Every line of the material is to be transcribed verbatim, with images omitted.

Collected material

+ + + + + + +

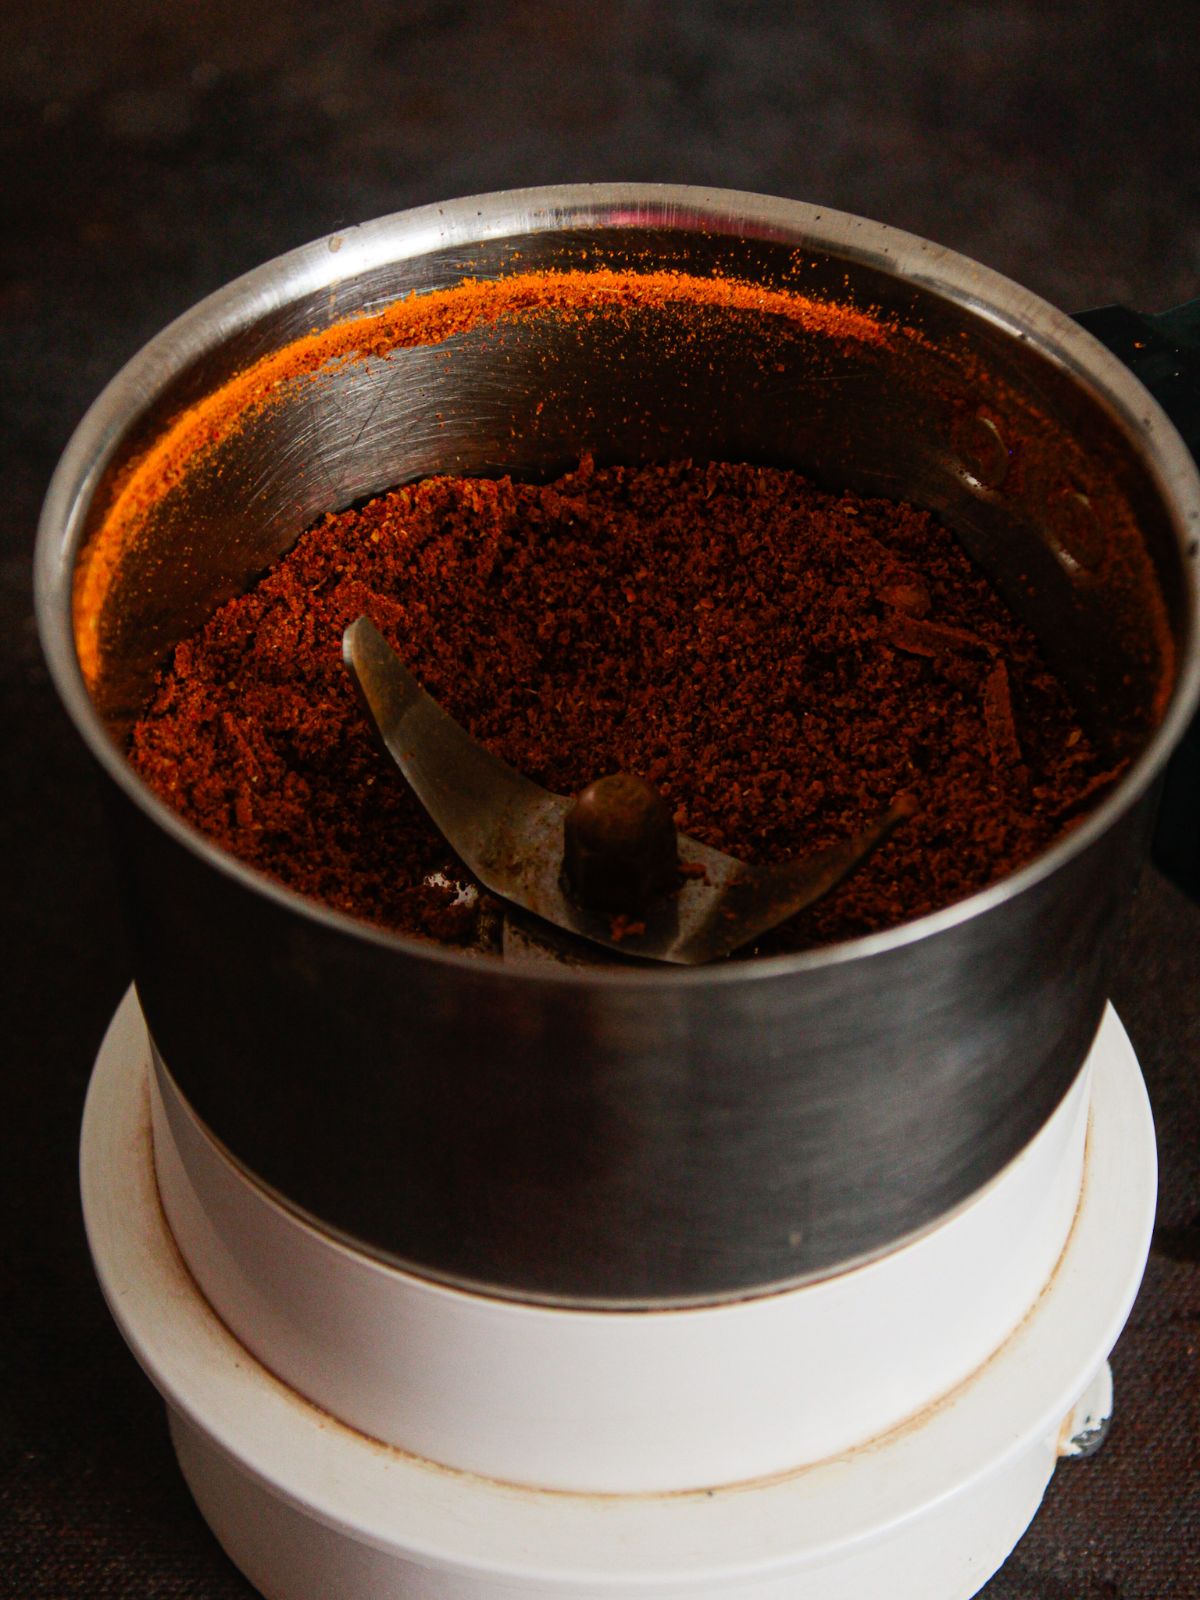 spice grinder of madras curry powder
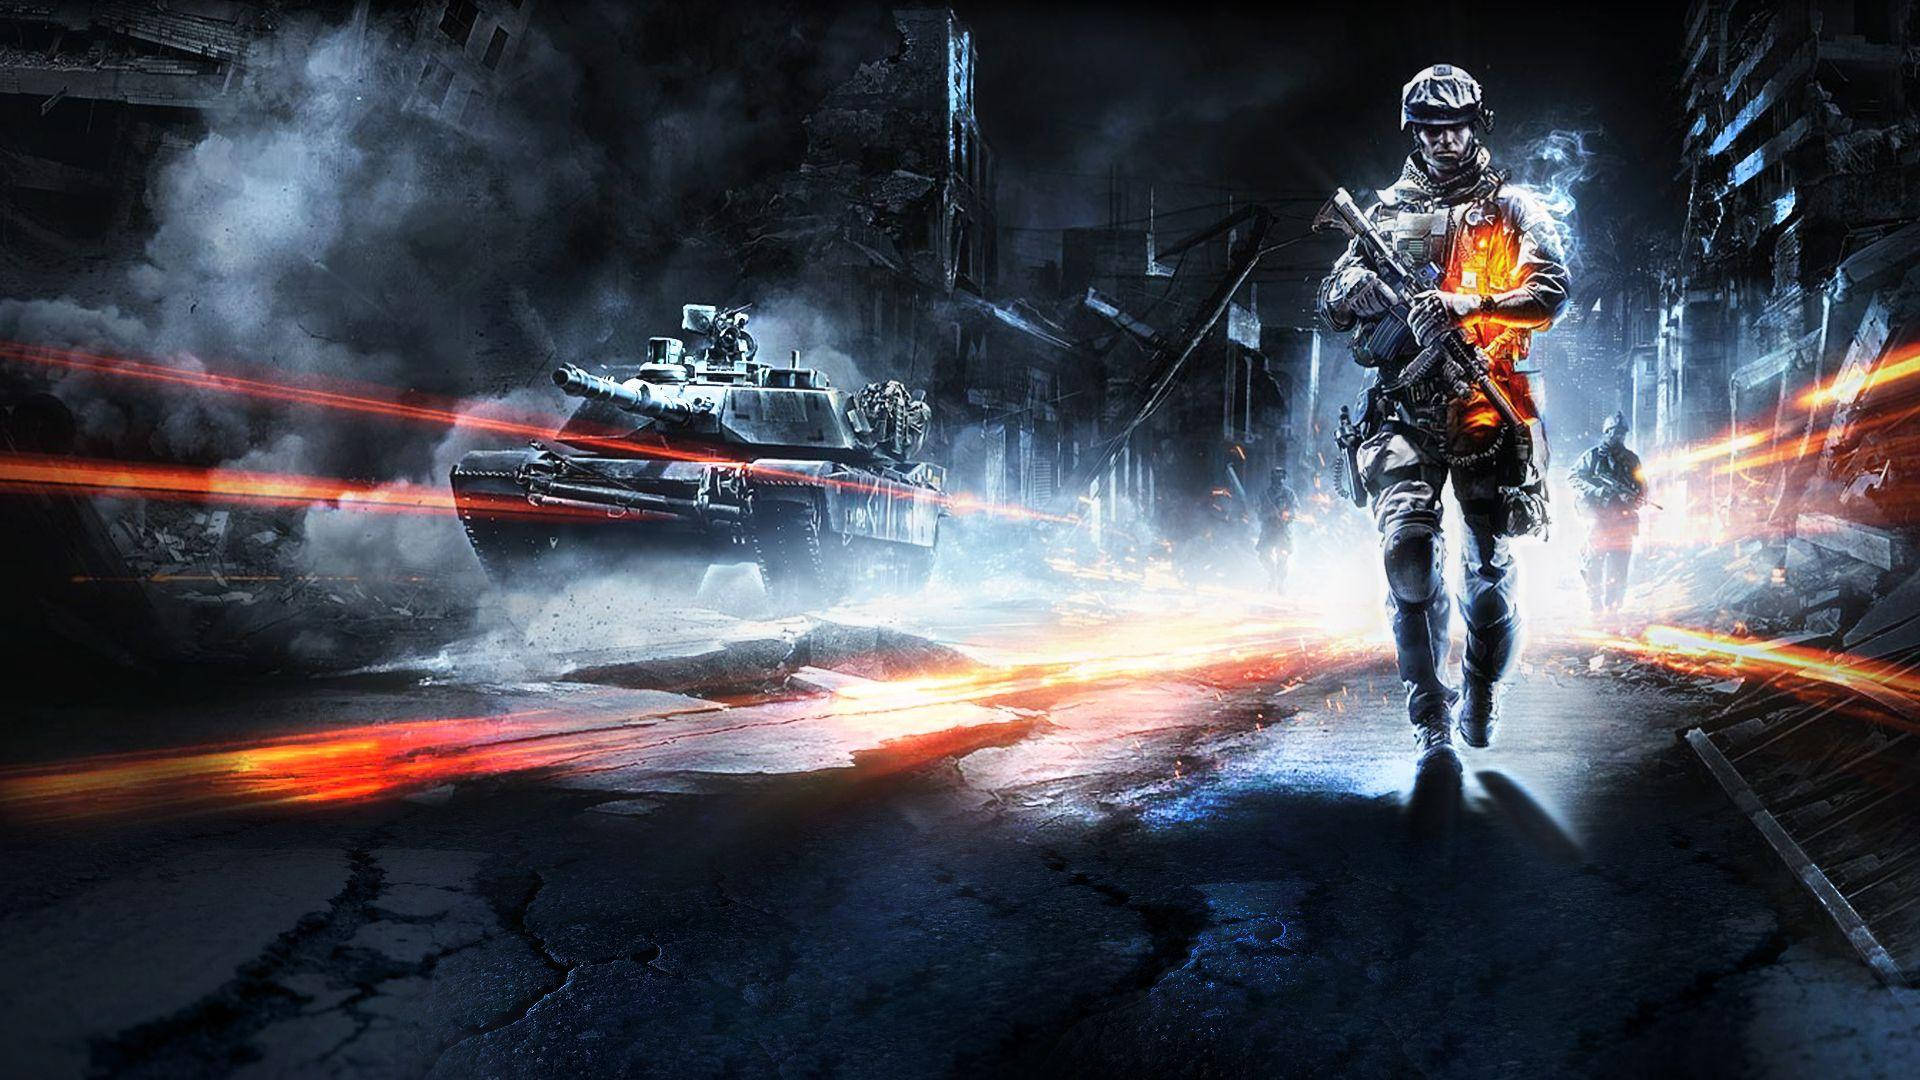 Battlefield 1 Hd Image Of Nighttime Warzone
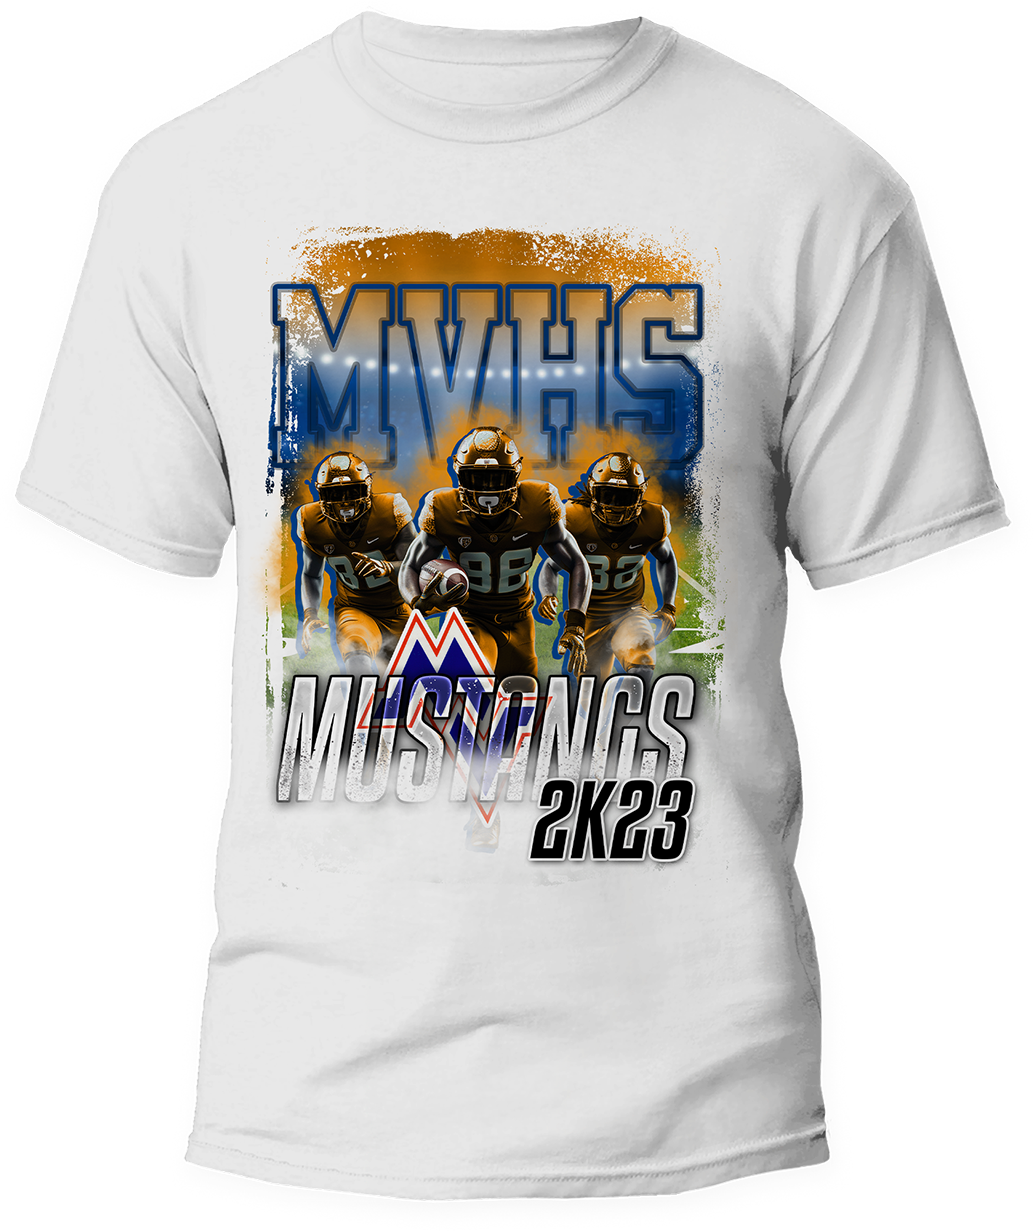 Midland Valley High Football T-Shirt

+ + + + + + +

Solution for this exercise
 spice grinder of madras curry powder
 Battlefield 1 Hd Image Of Nighttime Warzone
 Midland Valley High Football T-Shirt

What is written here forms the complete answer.